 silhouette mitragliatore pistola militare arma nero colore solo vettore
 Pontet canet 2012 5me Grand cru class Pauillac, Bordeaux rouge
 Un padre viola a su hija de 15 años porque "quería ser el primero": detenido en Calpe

==========

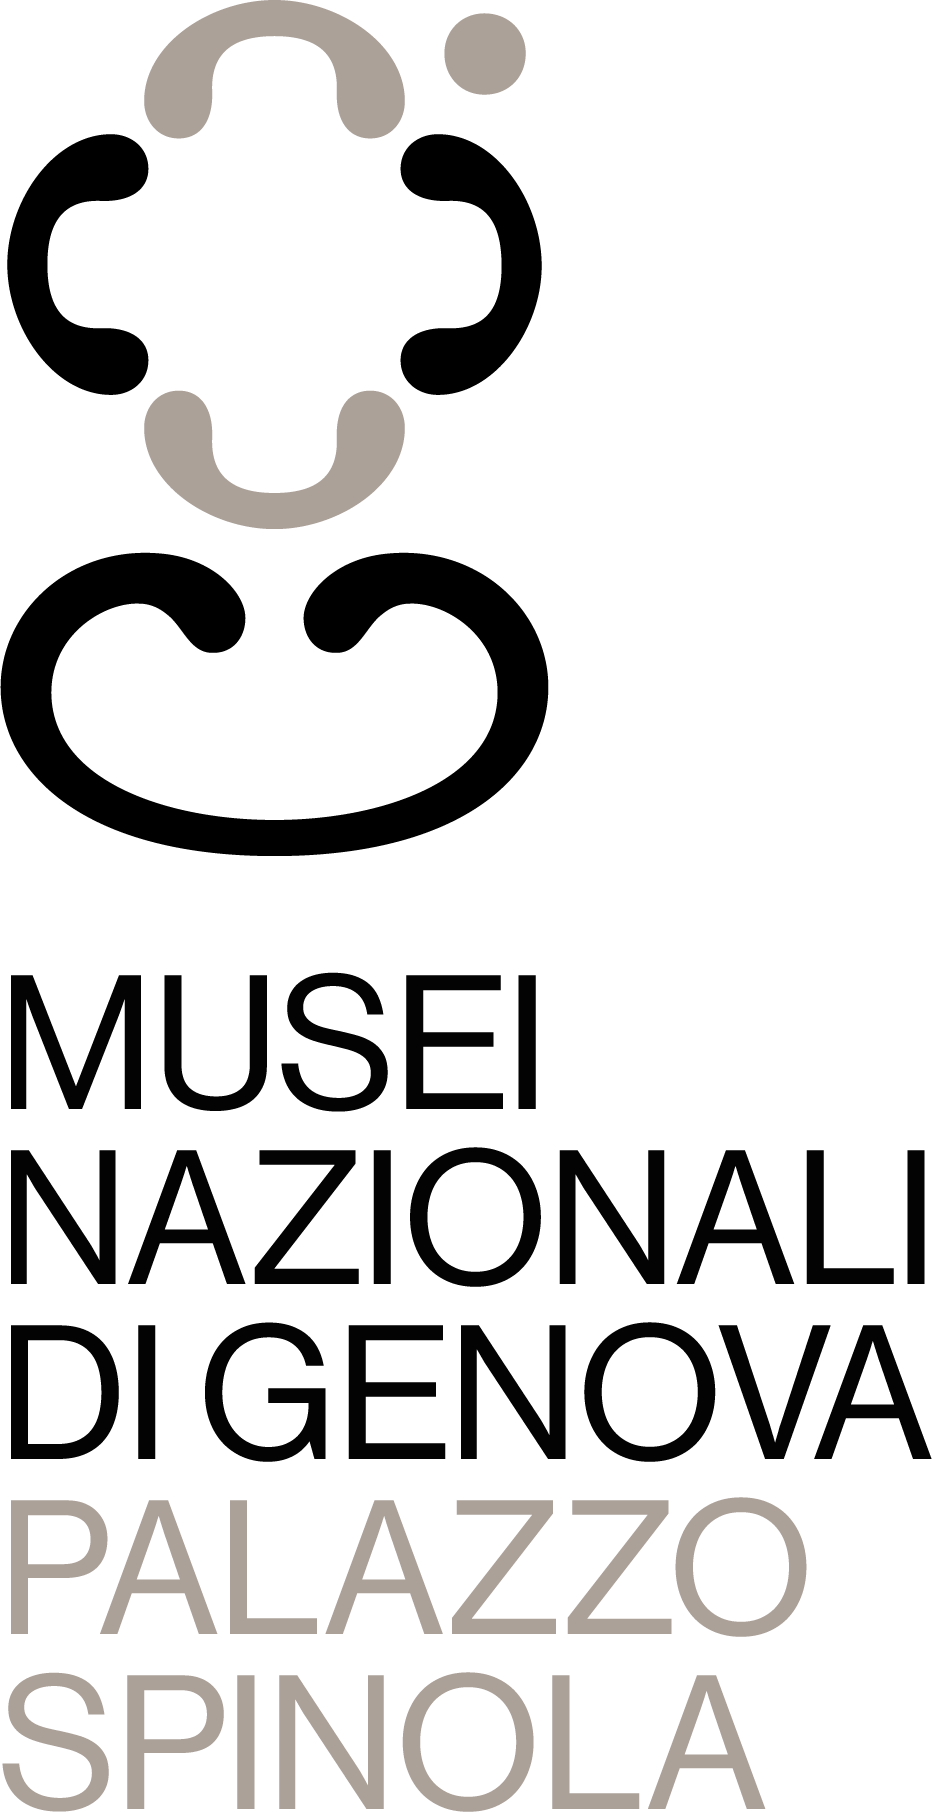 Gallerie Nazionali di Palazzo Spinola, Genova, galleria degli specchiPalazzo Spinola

==========

Out of the data above, transcribe exactly and only the lines starting with the line that has "Pontet canet 2012" and going on through the line that has "Un padre viola", both included.

YOUR SOLUTION -
 Pontet canet 2012 5me Grand cru class Pauillac, Bordeaux rouge
 Un padre viola a su hija de 15 años porque "quería ser el primero": detenido en Calpe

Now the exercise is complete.